Here is a comparison, with the caveats claimed earlier regarding my
level of familiarity with the current DictionaryAnnotator:
Both annotators allow for the use of the same tokenizer in dictionary
tokenization as is used in the processing pipeline, though in
slightly
different ways (descriptor vs. Pear file). ConceptMapper has no
default
tokenizer, though there is a simple one included in the package.
I think having a default tokenizer is important for the "ease of
use" of the
dictionary component. If users just want to use a simple list of
words(multi words) for processing,
they don't want to setup a separate tokenizer to create the
dictionary. Can explain
more detailed what a user have to do to tokenize the content.
I am not sure I agree with you on this point. Since the default setup
for ConceptMapper is to tokenize the dictionary at load time, which is
when the processing pipeline is set up, and since there will need to
be a tokenizer in the pipeline for processing the the input text, I
think that it is perfectly reasonable to require the specification of
a tokenizer in the ConceptMapper AE descriptor for use as the
tokenizer for the dictionary. This enforces the point that the same
tokenizer be used for tokenizing the dictionary as the input data,
which is actually something that I believe to be more than reasonable.
In fact, I think it *should* be a requirement, otherwise entries that
are in the dictionary might not be found, due to a tokenization
mismatch.
To simplify setup for naïve users, as I said, there is a simple
tokenizer annotator included in the ConceptMapper package, and that
could be used for both the dictionary and text processing. It breaks
on whitespace, plus any other character specified in a parameter.

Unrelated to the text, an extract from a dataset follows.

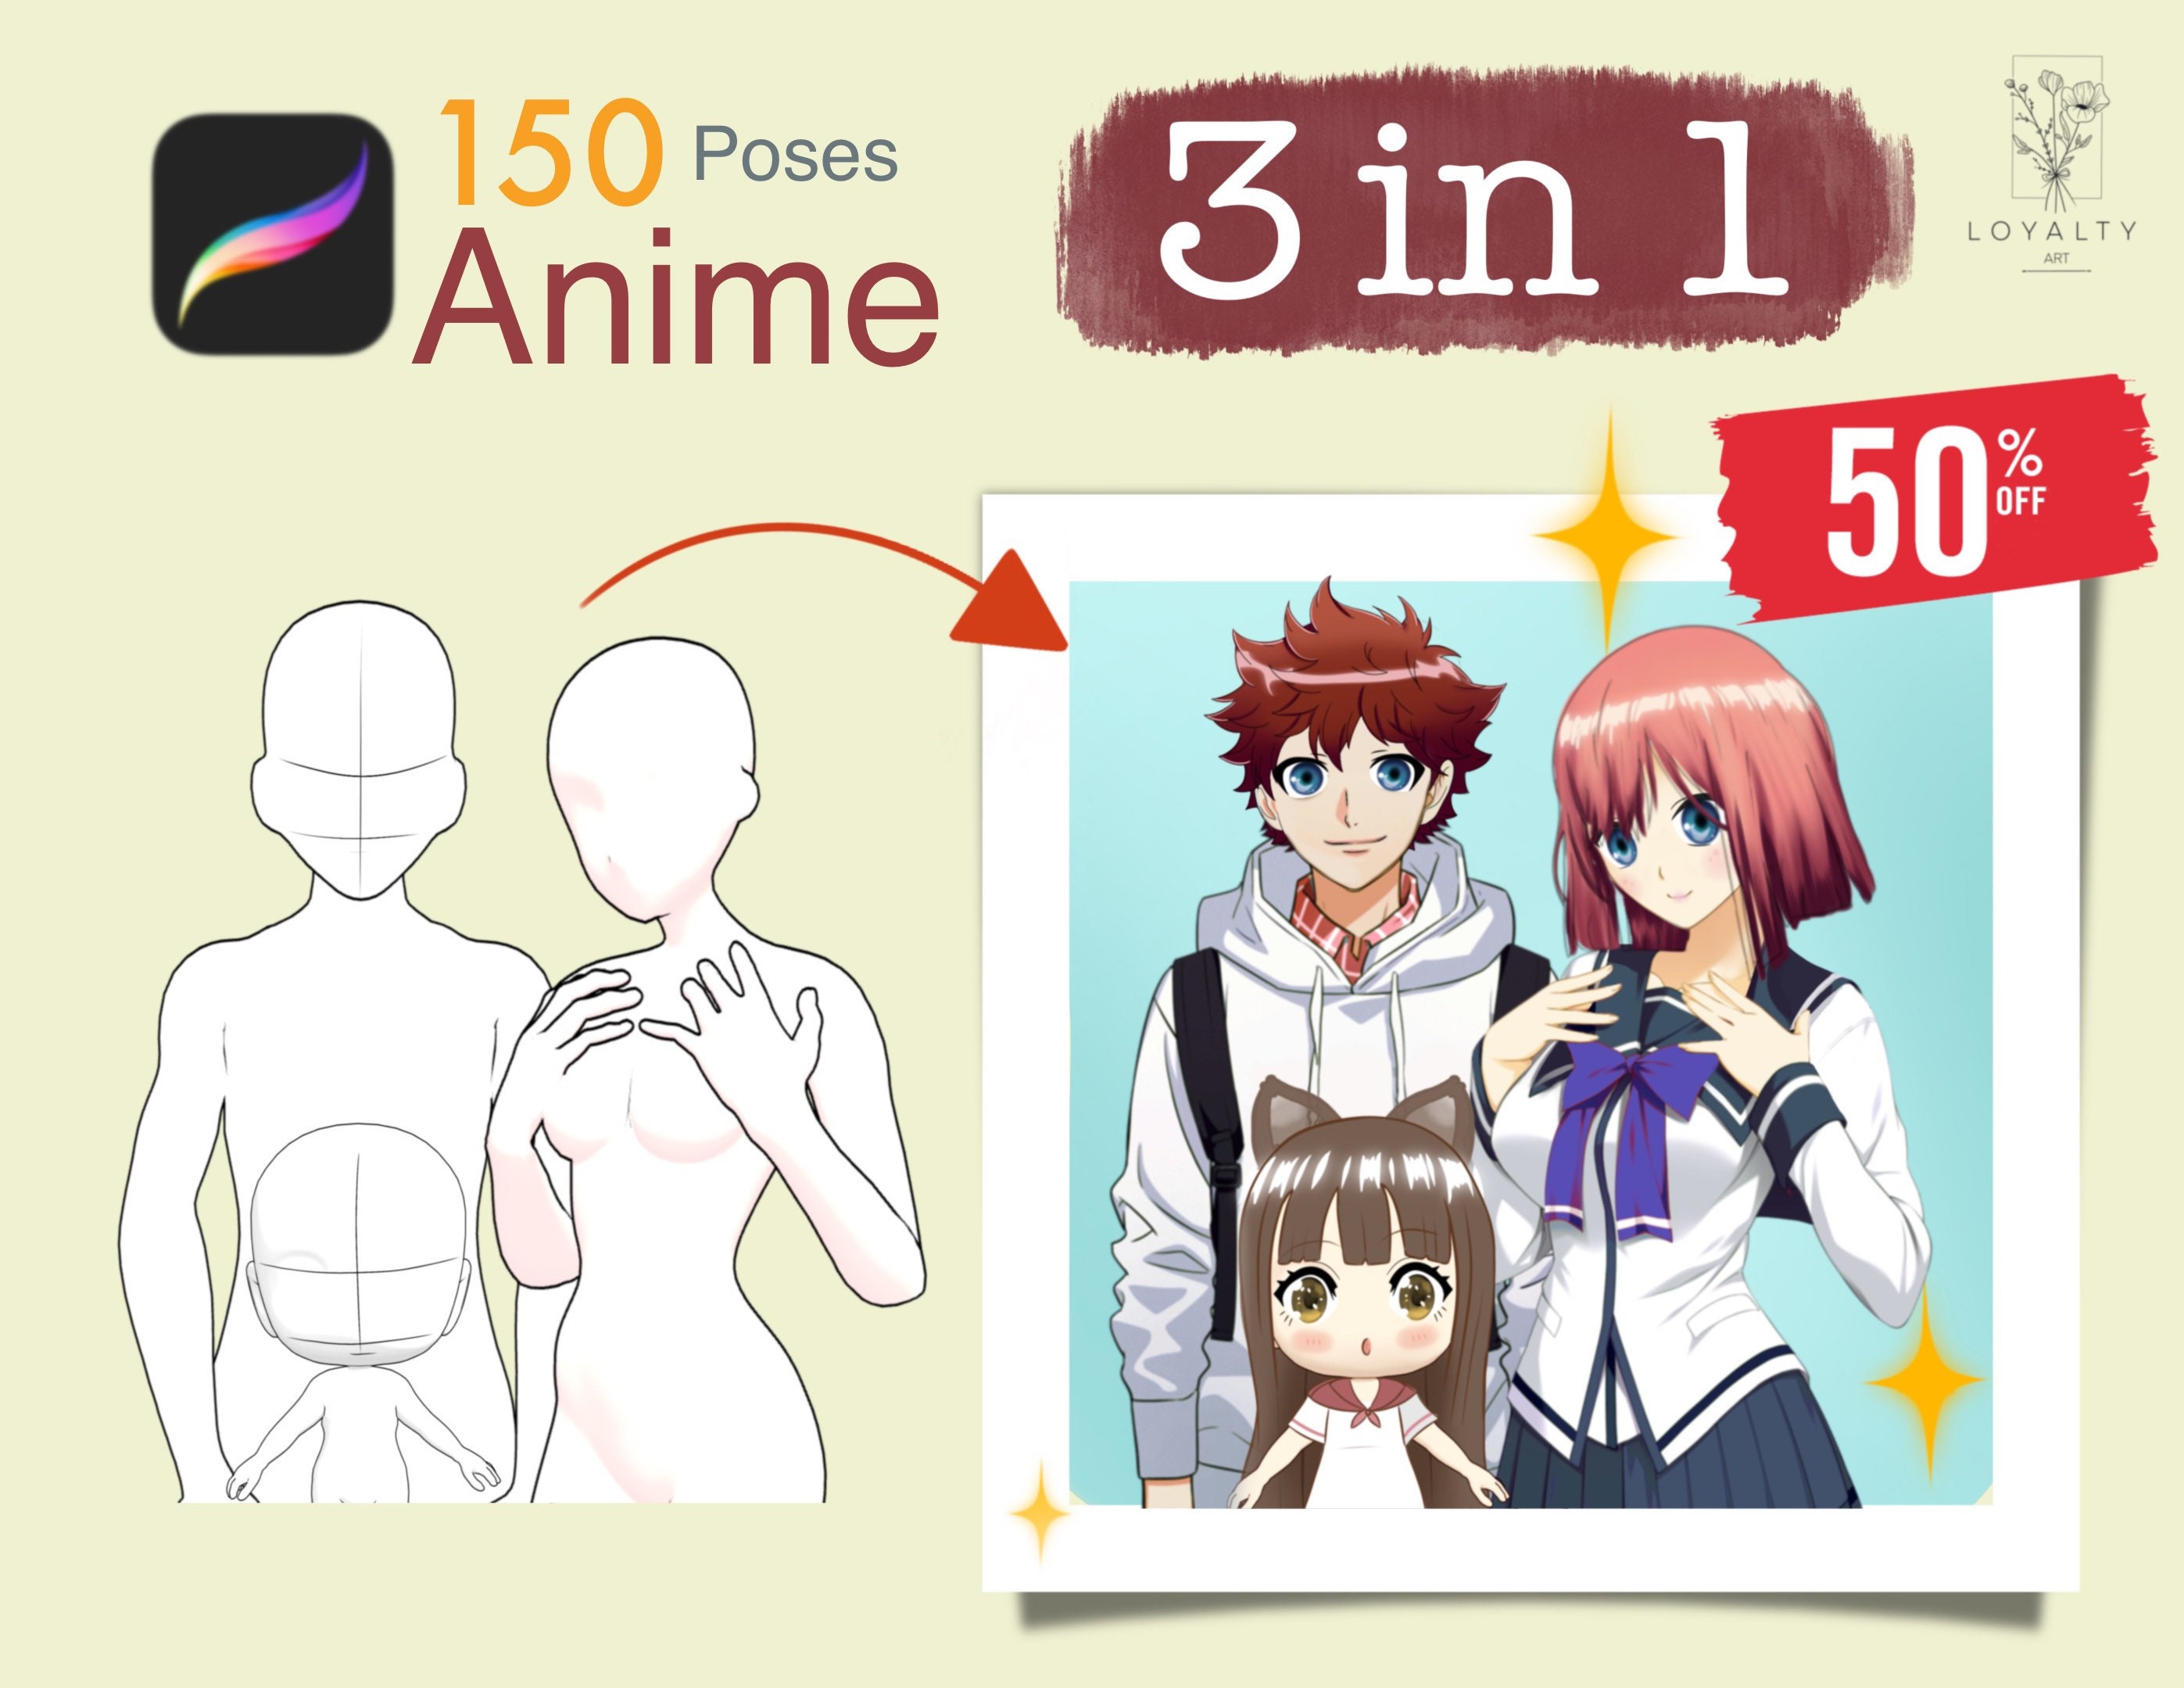 150 poses de anime, hombre, mujer, chibi, poses de manga Figuras

One clear difference is that there is no dictionary creator for
ConceptMapper; instead, you must build the XML file by hand. This is
due, in part, to the fact that dictionary entries can have arbitrary
attributes associated with them. This leads to what I think is a
serious
advantage of ConceptMapper: these attributes associated with
dictionary
entries can be copied to the annotations that are created in
response to
a successful lookup. This is very useful for attaching a code from
some
coding scheme (e.g., from a medical lexicon or ontology) or a
reference
to a document in which the term was originally extracted, or any
number
of other features. There is no limit to the number of attributes
attached to the dictionary entries, and the mapping from them to the
resultant annotations is configurable in the AE descriptor.
So if I understand you correct, the dictionary XML format is not
predefined. The XML tags
used to specify the dictionary content are related to the used UIMA
type system. How do you
check for errors in the dictionary definition?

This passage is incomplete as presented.